Installing dependencies from Pipfile.lock (cbc5f7)...
🐍 ▉▉▉▉▉▉▉▉▉▉▉▉▉▉▉▉▉▉▉▉▉▉▉▉▉▉▉▉▉▉▉▉ 80/80 — 00:02:26
…
$ pipenv run jupyter nbextension enable --py widgetsnbextension
Enabling notebook extension jupyter-js-widgets/extension...
- Validating: OK
Example#
[10]:
from ydata_profiling import ProfileReport
profile = ProfileReport(df2, title="pandas Profiling Report")
profile.to_widgets()
Configuration for large datasets#
By default, ydata-profiling summarises the dataset to provide the most insights for data analysis. If the computation time of profiling becomes a bottleneck, pandas-profiling offers several alternatives to overcome it. For the following examples, we first read a larger data set into pandas:
[11]:
titanic = pd.read_csv(
"https://raw.githubusercontent.com/datasciencedojo/datasets/master/titanic.csv"
)
1. minimal mode#
ydata-profiling contains a minimal configuration file config_minimal.yaml, in which the most expensive calculations are turned off by default.

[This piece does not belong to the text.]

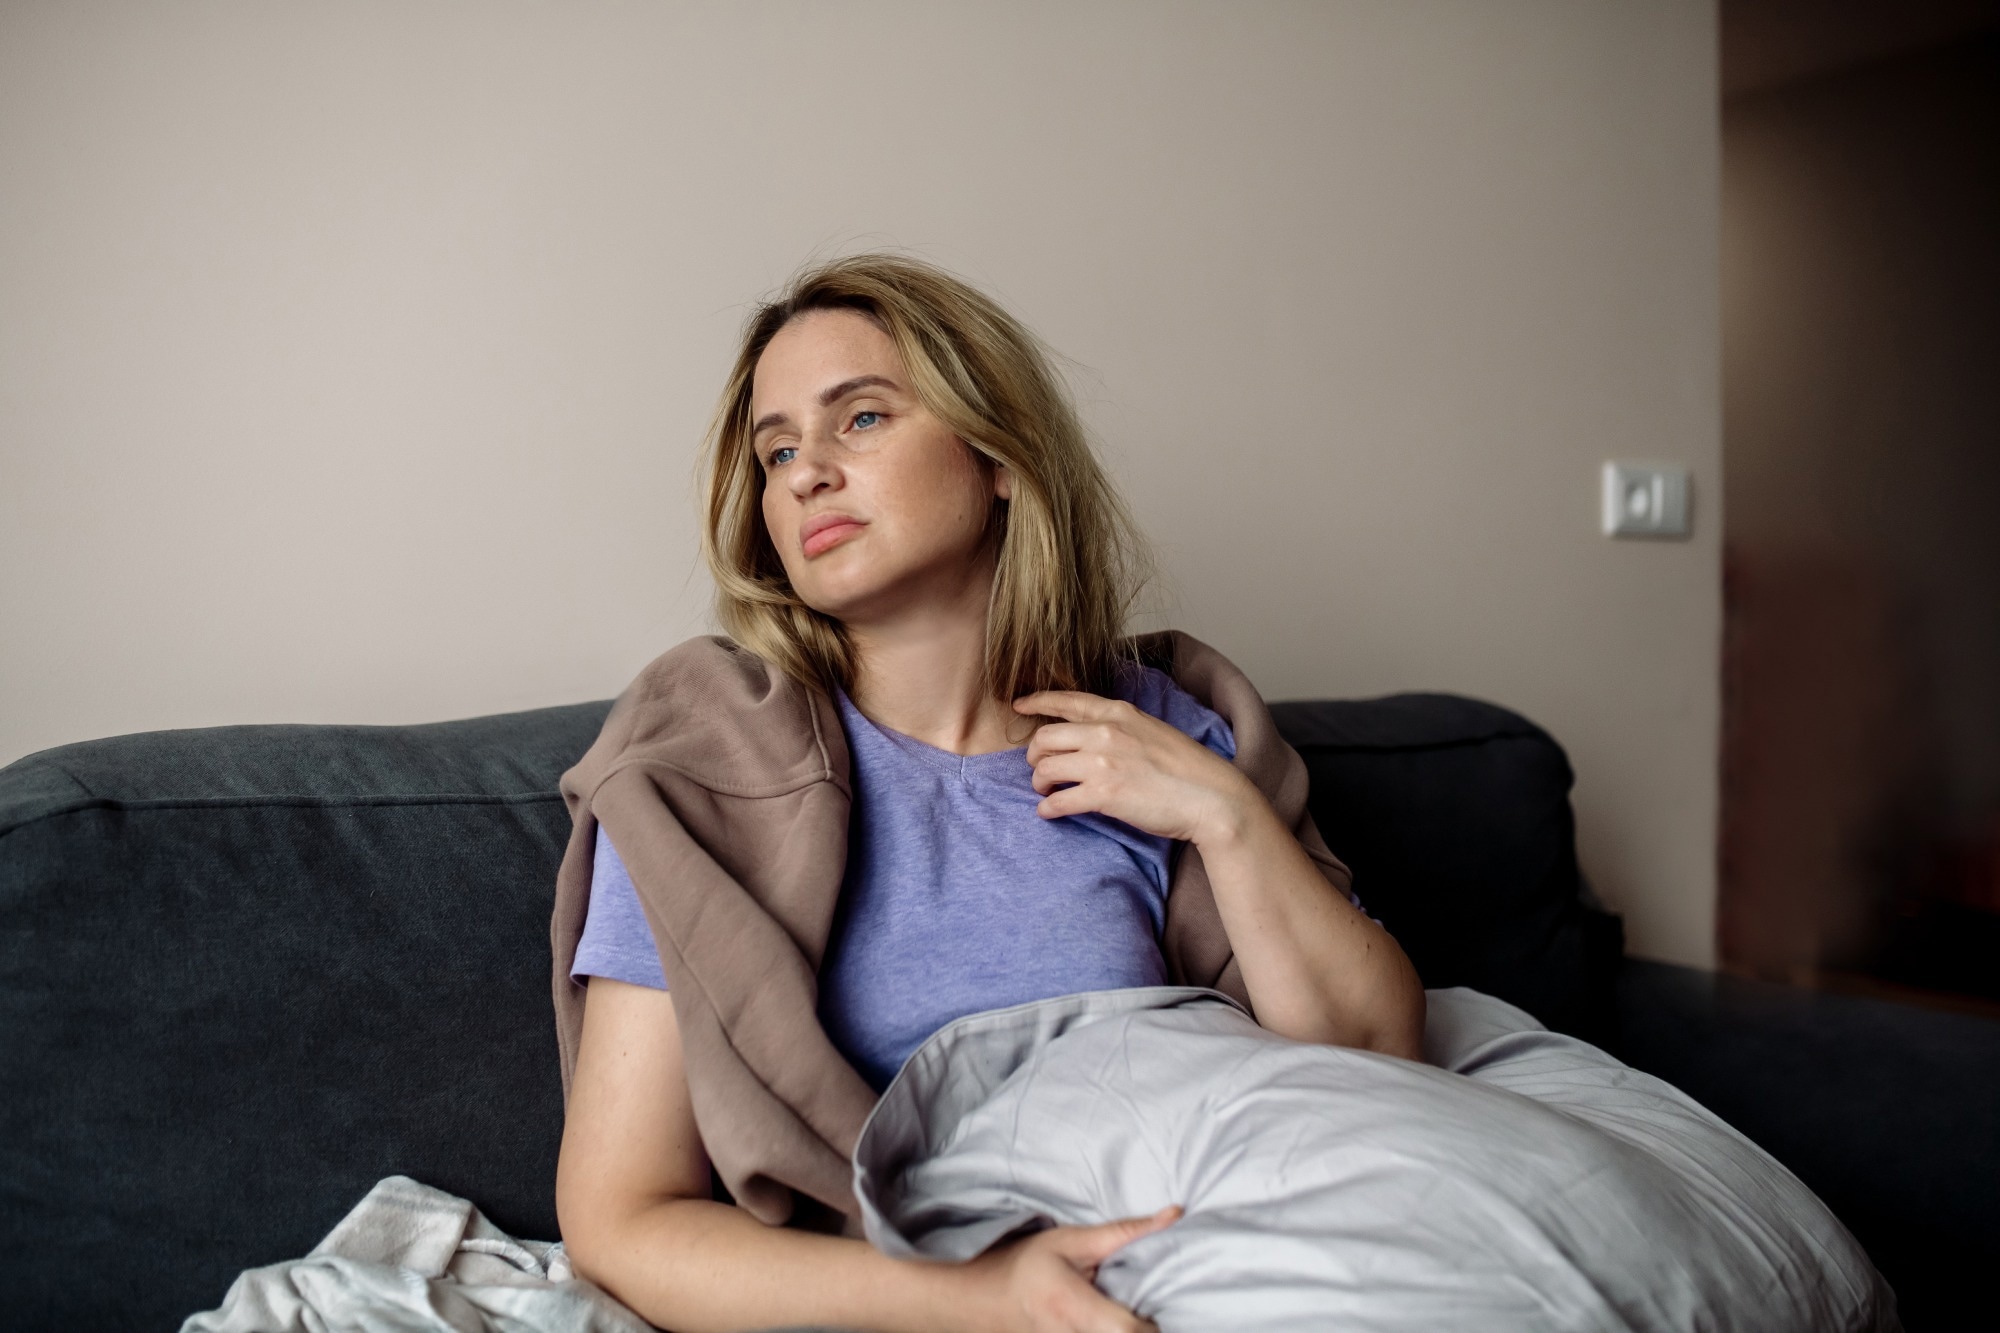 Study: Long-term symptom severity and clinical biomarkers in post-COVID-19/chronic fatigue syndrome: results from a prospective observational cohort. Image Credit: Starocean/Shutterstock.com
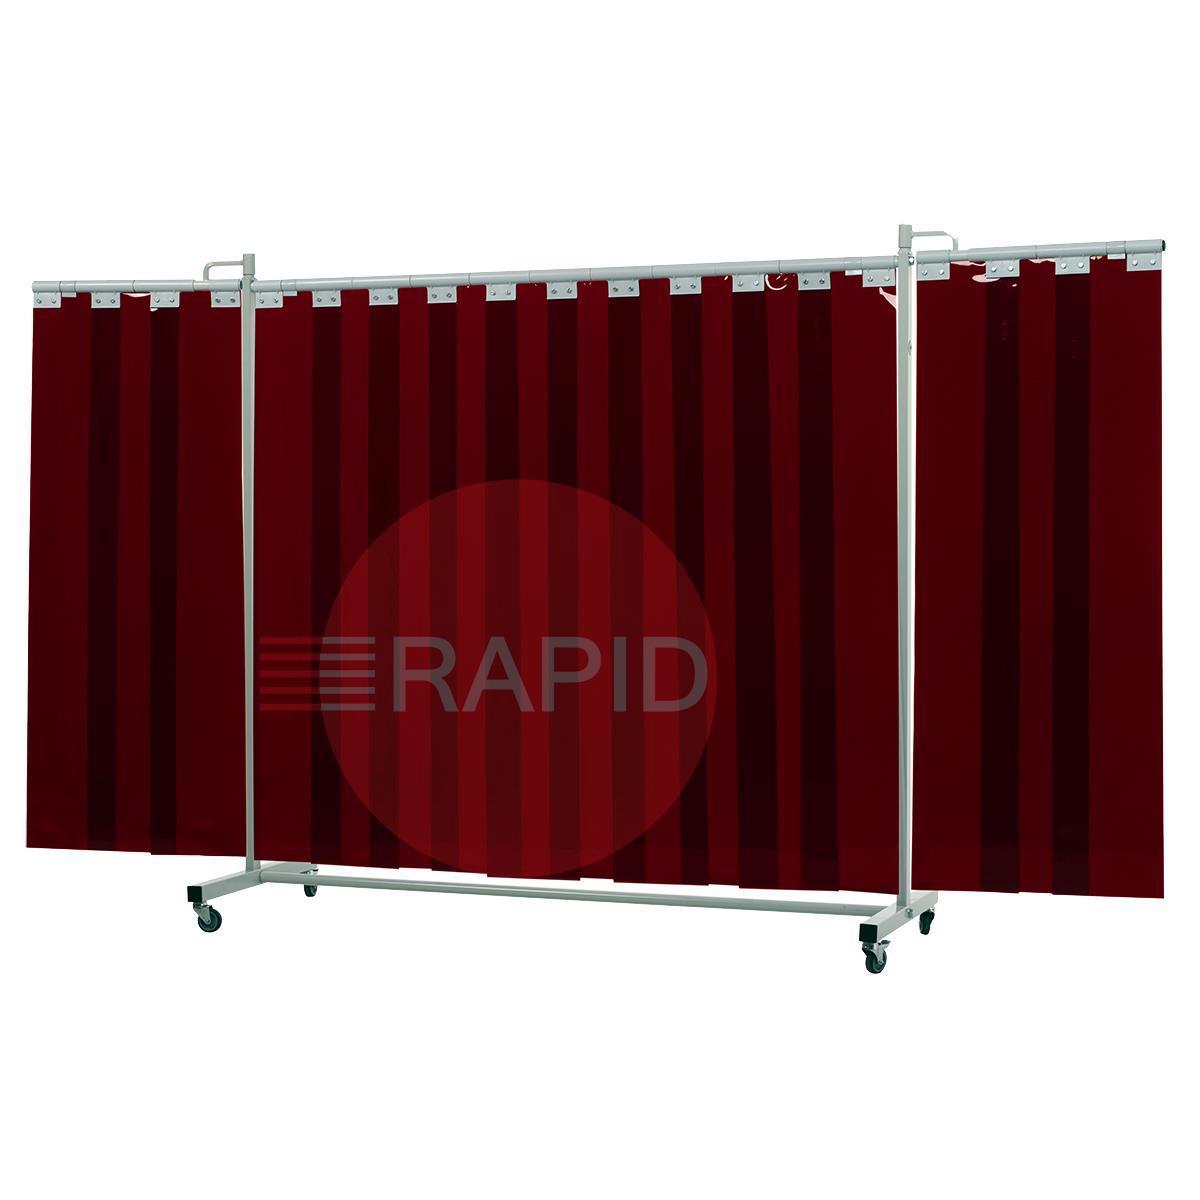 36.31.27  CEPRO Robusto Triptych Welding Screen with Bronze-CE Strips - 3.6m Wide x 2.2m High, Approved EN 25980

This is the recommended starting point for larger data sets.
[12]:
profile = ProfileReport(
titanic, title="Minimal pandas Profiling Report", minimal=True
)
profile.to_widgets()
Further details on settings and configuration can be found in Available settings.
2. Sample#
An alternative option for very large data sets is to use only a part of them for the profiling report:
[13]:
sample = titanic.sample(frac=0.05)
profile = ProfileReport(sample, title="Sample pandas Profiling Report")
profile.to_widgets()
3. Deactivate expensive calculations#
To reduce the computational effort in large datasets, but still get some interesting information, some calculations can be filtered only for certain columns:
[14]:
profile = ProfileReport()
profile.config.interactions.targets = ["Sex", "Age"]
profile.df = titanic
profile.to_widgets()
The setting interactions.targets, can be changed via configuration files as well as via environment variables; see Changing settings for details.
4 Concurrency#
Currently work is being done on a scalable Spark backend for pandas-profiling, see Spark Profiling Development.